Rethinking Resilience: Preparing Data Centers for the Next AI Wave

May 24, 2024
Tim Hysell, Co-founder and CEO of ZincFive, explains why the need for a resilient power infrastructure has never been more pressing for data center operators.

Recent high-profile outages have underscored the critical importance of data center resilience. Twitter's (now X) outage during Rihanna's Super Bowl Halftime Show and Microsoft's eight-hour outage affecting Teams, Outlook, and M365 caused widespread disruptions for millions of users. Even more alarming was the outage experienced by Australian telecommunications provider Optus, which led to transport delays, banking issues, and cut hospital phone lines for 12 hours, affecting over 10 million users (nearly 40% of the population) and 400,000 businesses.

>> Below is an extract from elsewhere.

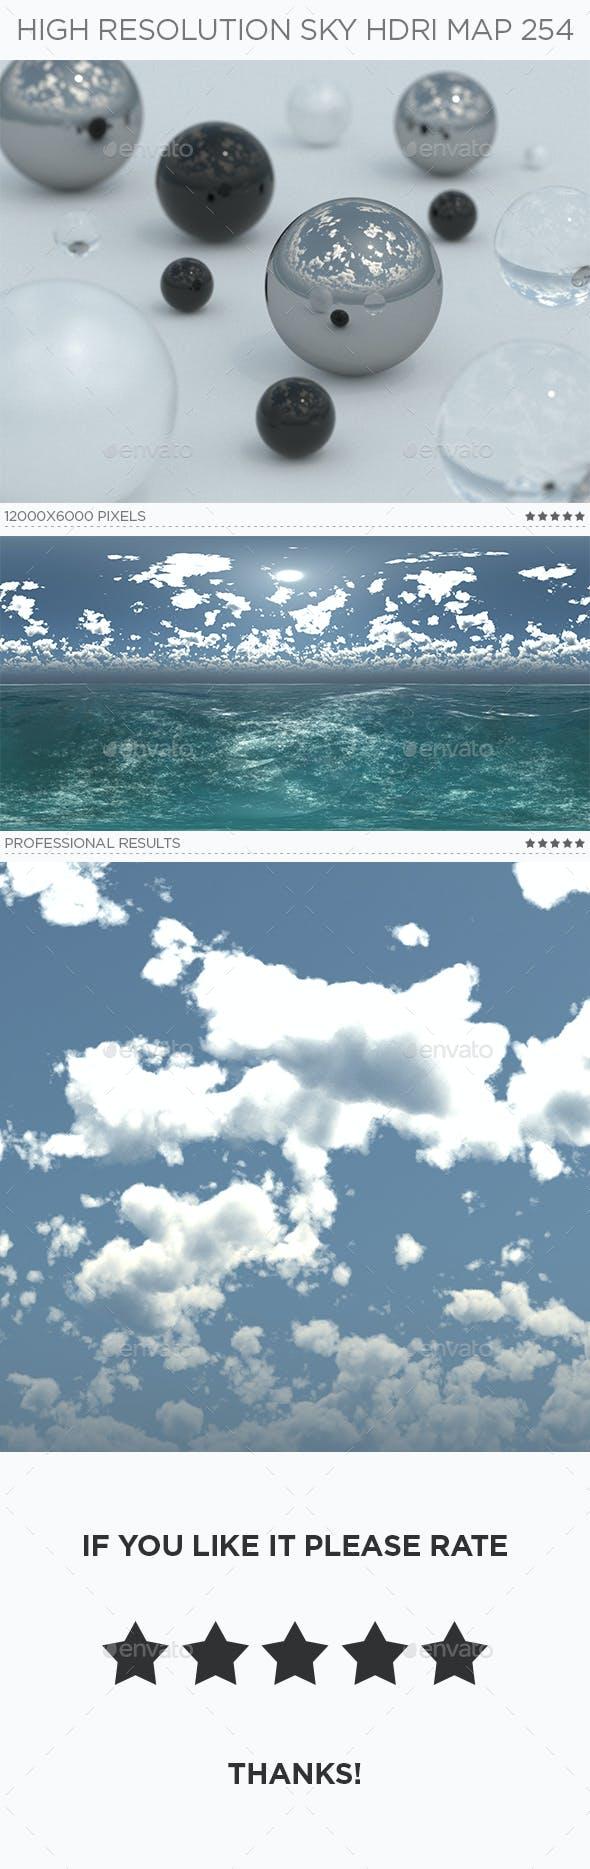 High Resolution Sky HDRi Map 254 - 3DOcean Item for Sale

The consequences of data center outages are further emphasized by Uptime Intelligence's 2024 data center outage report. The report reveals that 55% of operators experienced an outage in the past three years, with more than half of respondents reporting that their most recent significant outage cost over $100,000, and 16% stating that these outages cost more than $1 million.

As AI pushes data center energy consumption to unprecedented levels, the need for a resilient power infrastructure has never been more pressing. The International Energy Agency (IEA) projects that data center electricity usage will double by 2026, while training newer AI models consumes 50 times more electricity than previous generations. As various sectors further integrate AI into their operations, the need for the facilities that power these services to maintain resilience grows both in importance and difficulty.

Faced with these challenges, data center operators must take decisive action to enhance their resilience and adjust to the demanding requirements of AI. By addressing the most common causes of outages, specifically power issues and human error, including inadequate regular, comprehensive uninterruptible power supply (UPS) testing, data center operators can ensure the reliability and stability of their facilities in an increasingly complex and demanding technological landscape.

Resolving these issues requires examining their causes first. Power issues consistently emerge as the most common cause of serious outages, according to Uptime Intelligence's March 2024 report. A staggering 42% of respondents pointed to UPS failure as the leading cause of power-related outages, while 30% of incidents involved issues with the transfer switch to a generator, and 20% were attributed to generator failure itself.

Human error also plays a significant role in nearly 40% of data outages, highlighting the critical importance of proper training and adherence to established procedures. Among those who reported a human error-caused outage, 48% cited failure of staff to follow procedures, while 45% pointed to incorrect procedures.

These findings underscore the urgent need for data center operators to prioritize both the modernization and upkeep of their power infrastructure and their staff's ongoing training and education. Implementing comprehensive staff training and process reviews presents a significant opportunity to reduce human error-related outages.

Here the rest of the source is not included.